We are using Databricks and would like to implement all data transformations—both streaming and batch—entirely within dbt.
Currently, dbt supports Streaming Tables in Databricks, which internally create Delta Live Tables (DLT).
Additionally, as per Databricks documentation, it is possible to write stream output to a Kafka topic using writeStream
in a Delta Live Tables pipeline (Reference). The outlined approach includes:
- Setting up Kafka configurations (broker URL, topic, security settings).
- Creating a DLT pipeline.
- Defining a streaming source (files, Delta tables, etc.).
- Using
writeStream
with Kafka options to publish the data.
A newly introduced feature, Delta Live Tables Sink API, now enables writing to Azure Event Hubs and Kafka directly (Reference). This expands DLT’s capabilities for seamless integration with external event streaming platforms.

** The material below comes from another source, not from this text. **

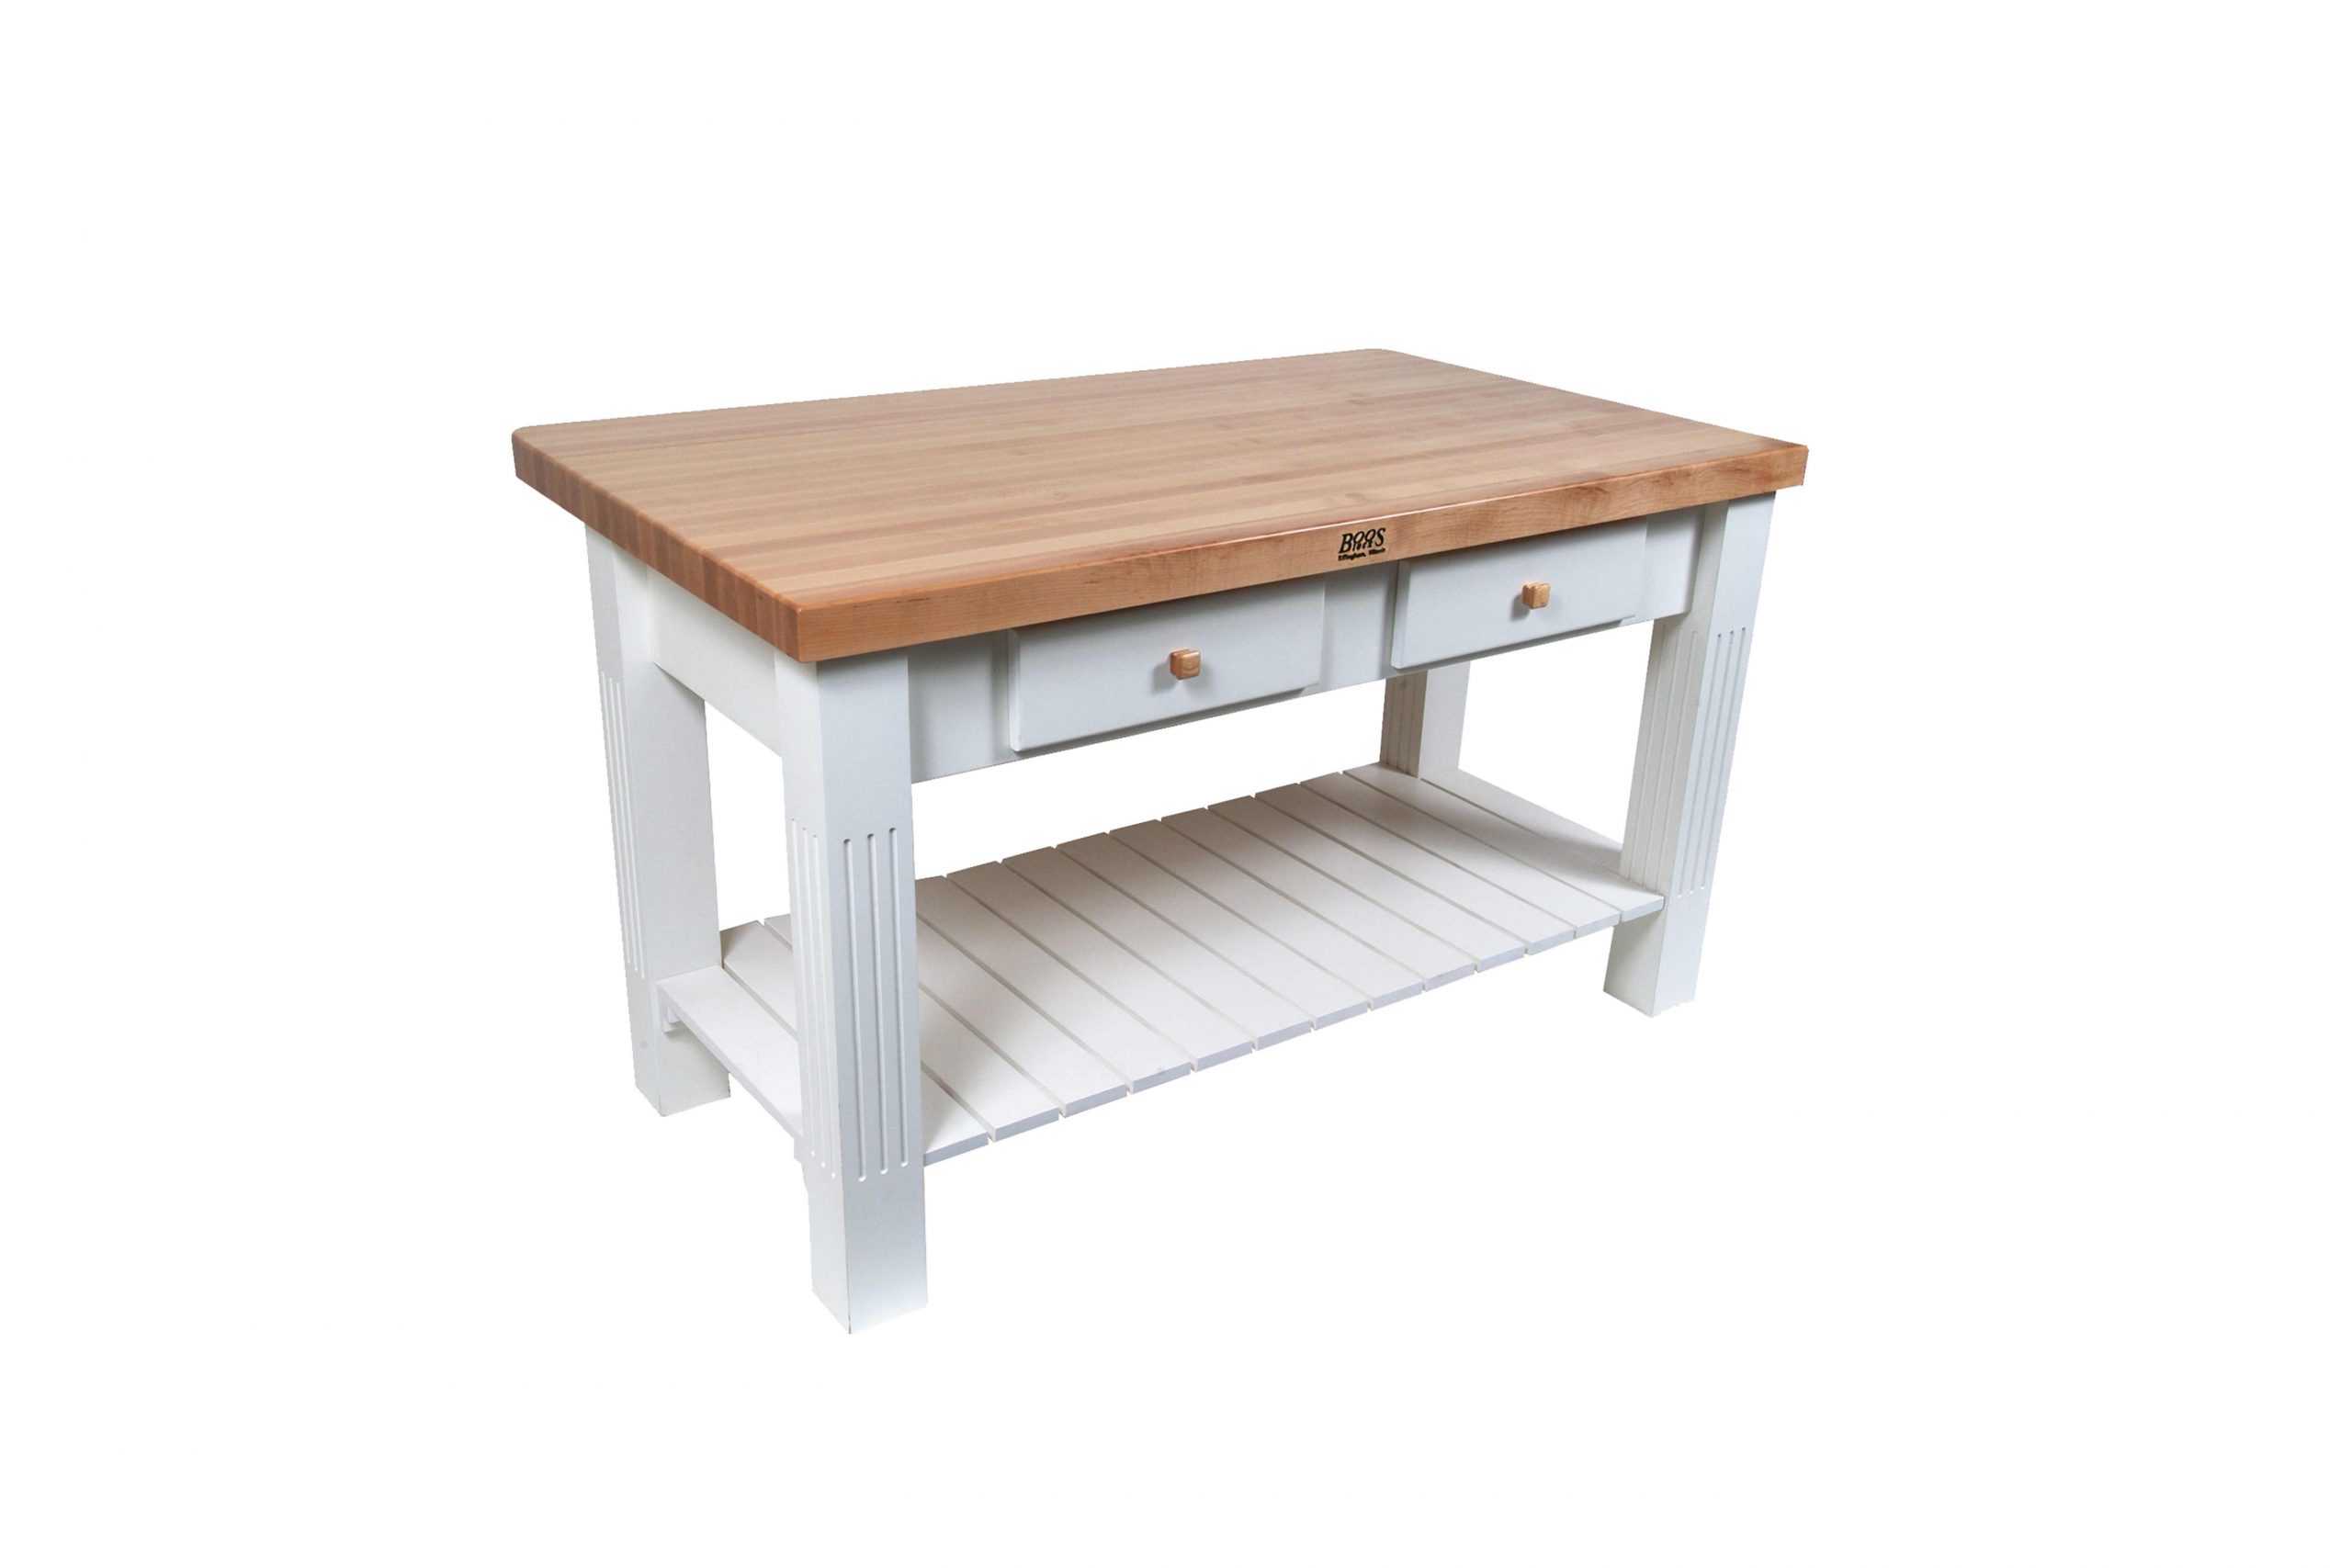 Boos® Maple Grazzi Table mit Langholzplatte inkl. umklappbarem Plattenteil (ca. 20cm), unterer Ablage und Utensilienschubladen 67

“The introduction of new Sinks API in DLT addresses this by enabling users to write processed data to external event streams, such as Apache Kafka, Azure Event Hubs, as well as writing to a Delta Table.”
These features are currently in Public Preview, with plans for further expansion.
Question:
Has anyone implemented a custom dbt materialization using the DLT Sink API to enable writing to Kafka or Event Hubs?
We are exploring the possibility of using DLT Sinks as a new materialization type in dbt and would appreciate any insights, experiences, or best practices from the community.